The two main contributions to the quality of the content provision relates to decrease of coordination work keeping track of versions of the text circulating in the process. Second, with proven poor deep-linking status to many intranet or Internet sites this will be enforced, since the contributors will be able to add links on the fly in the provision process. When all collaboration and work-in-progress development is set and the editors finally enter the content base into the CMS (preferable through simple integration from the Wave to CMS world).
Lastly the open collaborative environment will make this work more transparent to other peers in the network, which is one core problem. You do not always know who too invite into the provision process. Many stories uncovered in my own publications shows exactly this backdrop to the CMS world. If you have more than 2000+ editors on a global scale it will become impossible to keep social ties in all levels, even if you share the very same work practice. All clusters/networks of editors do serve different parts of the business. In stark contrast to other commentators into this debate, I think the Wave infused CMS world will showcase its best performance in large scale implementations. Not to say that we are going to see 2000+ edits into one and the same Wave, but the flat structure to document creation and the open structure will enforce an much more precise delivery. I dare to say, that if the CMS world don’t reformat the old file share, container document equivalent mind-set they will become obsolete.
Future post into this space will continue the last two hot topics, ‘put in context and my special interest in findability 😉
I will report on on-site implementations of Wave and CMS integration forthcoming, since several of my clients and research domains do undertake early trials as we speak. Moving away from the traditional CMS space? Why give an ‘old school’ and outdated CMS to so many editors, when all they might actually need sits in simple tools like WordPress or Google Docs/Wave? What is the cost benefit analysis to this? I have worked with the counterpart of BIG brands in the CMS world, and they all fall into the very same snake pit, sadly!

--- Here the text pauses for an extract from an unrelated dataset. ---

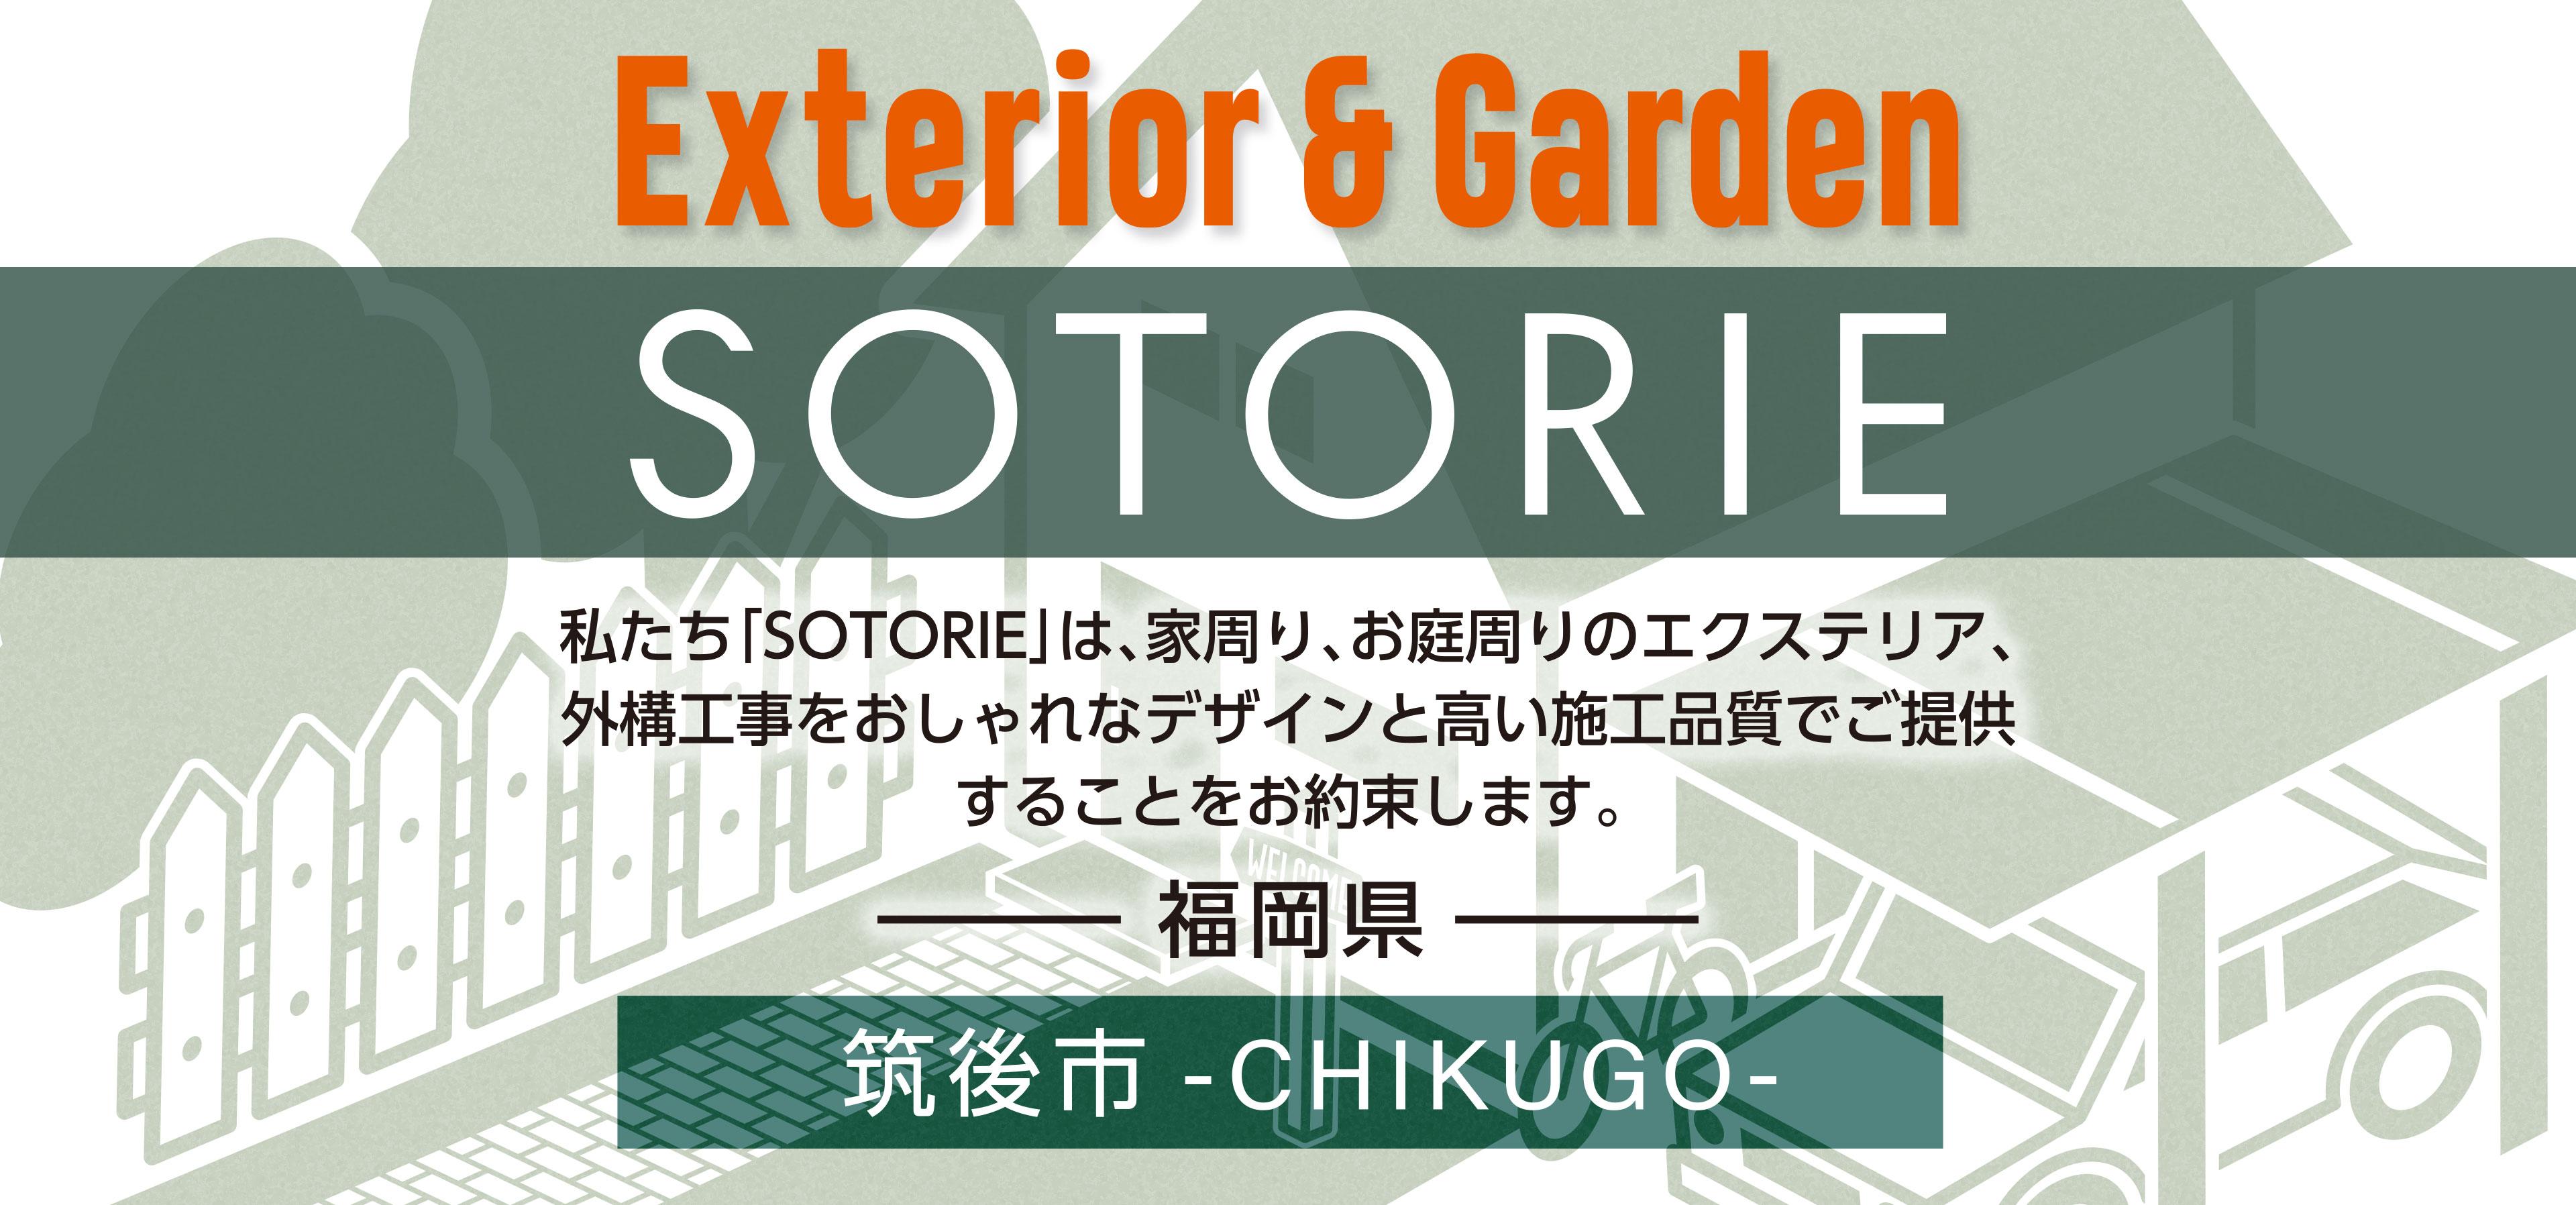 ソトリエ筑後市では、家周りと庭周りの外構、エクステリア工事をおしゃれなデザインと高い施工品質でご提供することをお約束します。
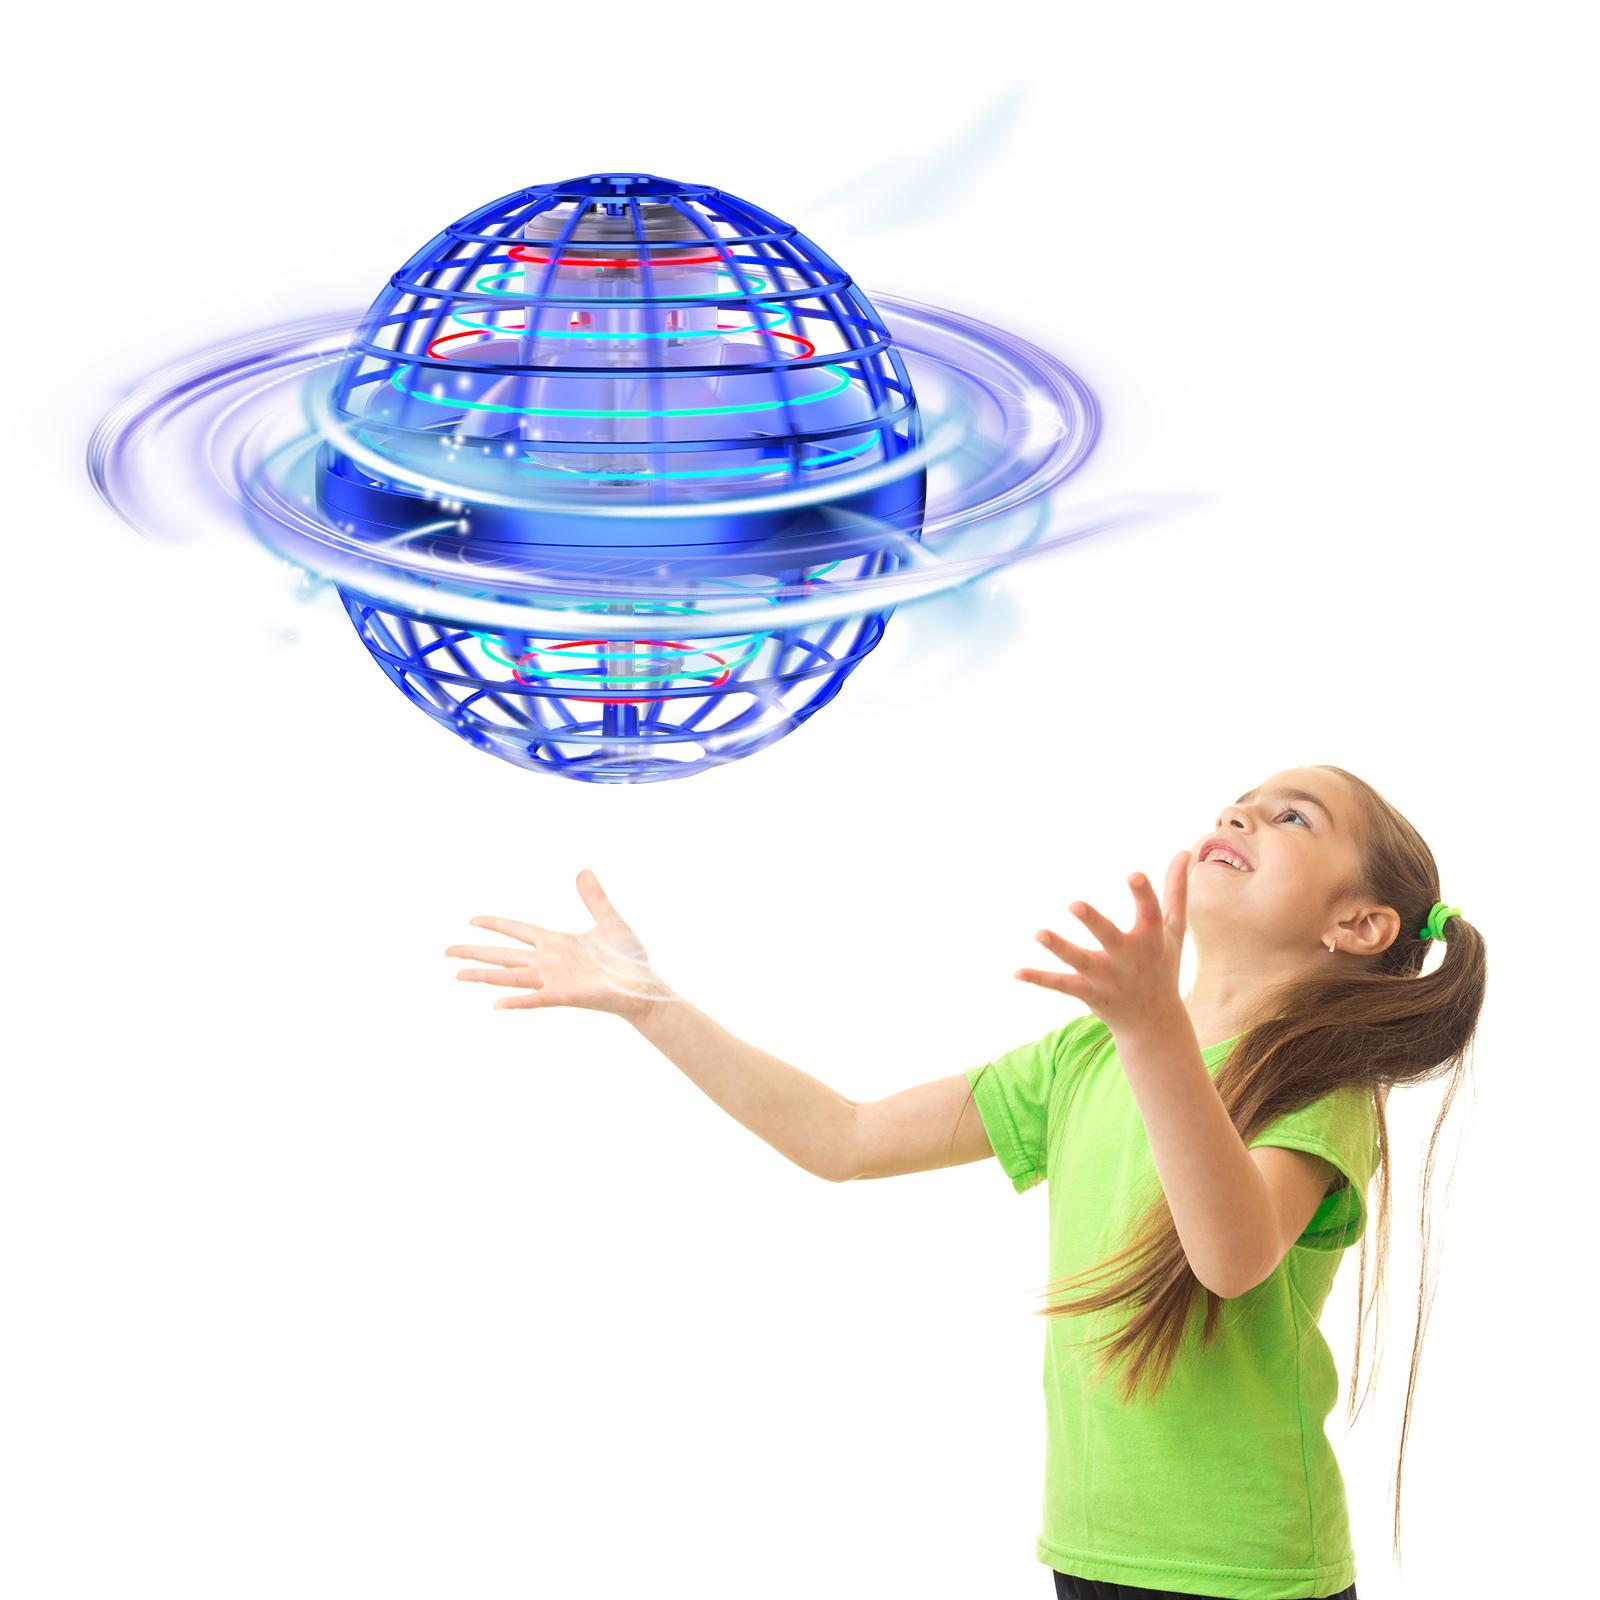 2021新品発売 【あす楽対応】 【スーパーDEAL 20%OFF】 ミニドローン 球体ドローン Tomzon フライングボール 360°回転 綺麗なLEDライト USB充電式 超軽量 男の子 女の子 小学生 飛行機 おもちゃ 知育玩具 飛行機 こどもの日 誕生日

I agree with your analysis of the three main challenges with a CMS – they’re on the money. I wonder though if the solution is not to fix the CMS, but to move onto a whole new approach? Wave represents a promising try at it. Time will tell.
But what I think will really replace CMS is the shift away from large pieces of “I want to tell you something” content on static intranet sites, to dynamic “we’ve got something to discuss here” microcontent.
In the company in which I work we’re starting to see conversations grow on a corporate microblogging site and the communications department is closely involved. The thinking stretches as far as moving the best content from our print sources onto the microblogging site for discussion and in effect “employee digestion”. Or perhaps they’ll ignore it? We’ll see. The great part is that a conversation is acknowledged.